Thirteen members of Delaware Steel, UD's premier steel band, will travel to Israel for a seven-day tour beginning Feb. 28 at the invitation of the municipality of Holon, Israel. Under the direction of Harvey Price, assistant professor of music, the ensemble will perform five concerts and several educational programs throughout the greater Tel Aviv metropolitan region and play for more than 200,000 during a Purim event that features ensembles from around the world. This will be the ensemble's second trip to Israel, having performed there in 1999.
The highlight of the tour will be an educational/family concert with the world renowned Israel Philharmonic Orchestra, under the direction of Zubin Mehta. The performance might be the first time a steel band has performed onstage with a world-class symphony orchestra.
Price said the band, which consists of himself, students, faculty members and a community member, will perform a variety of pieces throughout their tour, including Andy Narell's The Sea of Stories and Boogsie Sharp's Pan Rising.
Delaware Steel also will be working to establish the first steel band in the Middle East. Price said he has given steel drums to be used in three different musical centers to create an educational initiative with Israel's Department of Education and the Israeli government, which may lead to future exchanges between the University and various educational institutions in Israel.

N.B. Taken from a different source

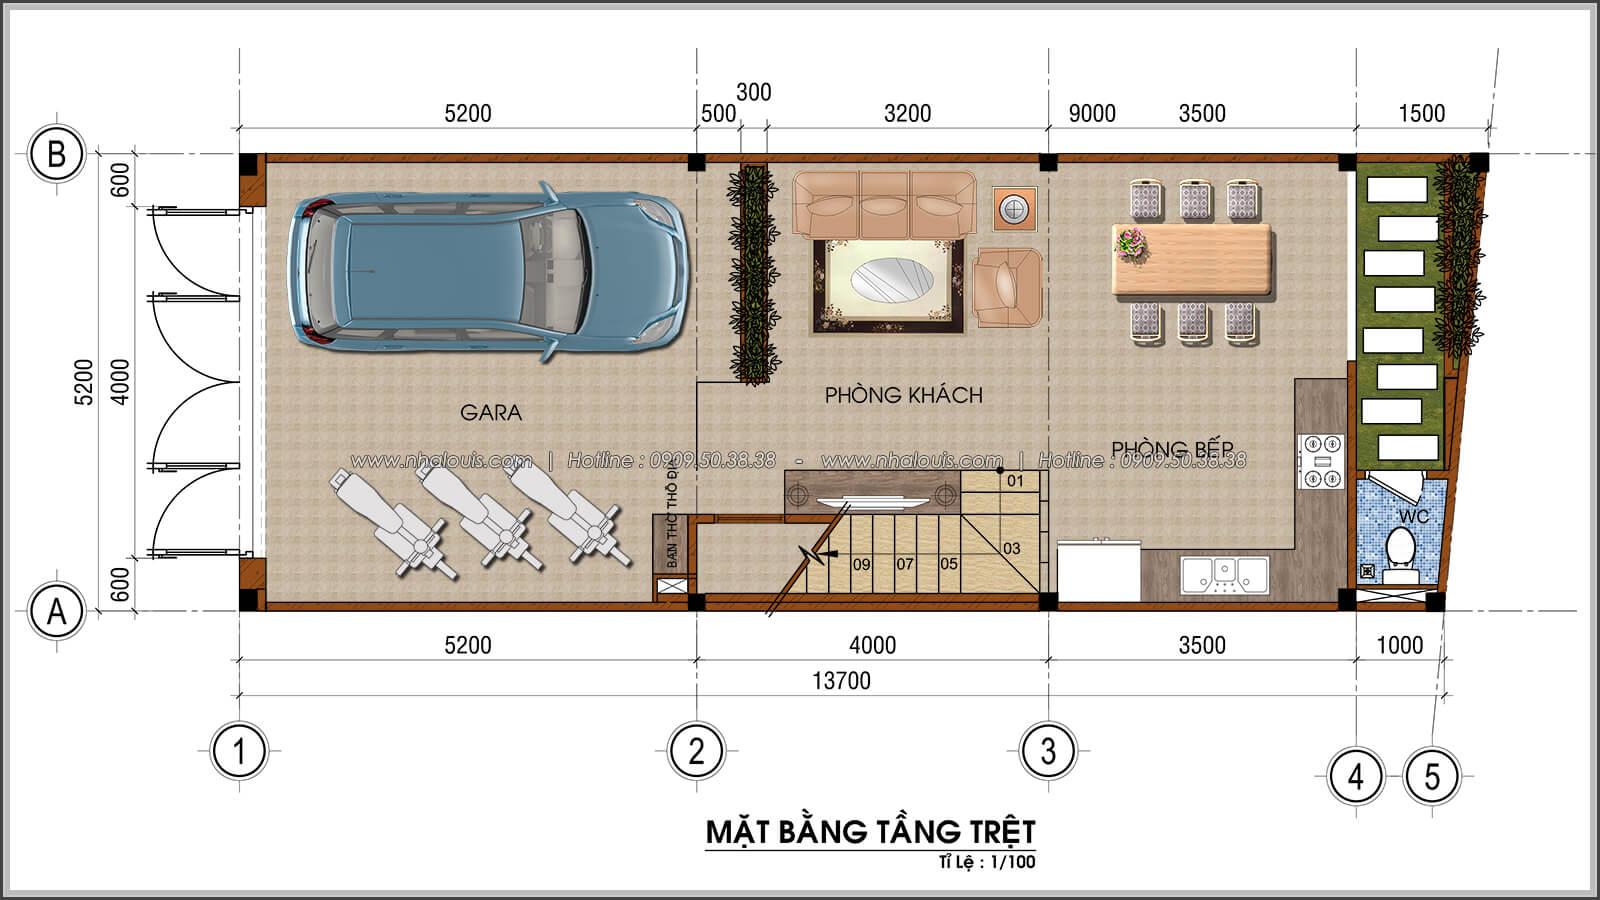 Mặt bằng tầng trệt thiết kế nhà ống mặt tiền 5m có gara ô tô tại Tân Bình - 03

Delaware Steel performs campus concerts as well as several high-profile engagements every year. After a successful tour of Germany in 2005, the ensemble was invited last January to participate at Philadelphia's Kimmel Center's 250th Mozart celebration, performing the overture to The Magic Flute to a sold-out house.
Price said the trip to Israel will allow students to see the world, operate at a high musical level and will help raise the profile of the University. “The trip is very good cultural exchange for us,” he said. “It means the students get to go and learn about a place they only hear about in a negative sense. It opens up the students' eyes to what is out there in the world.”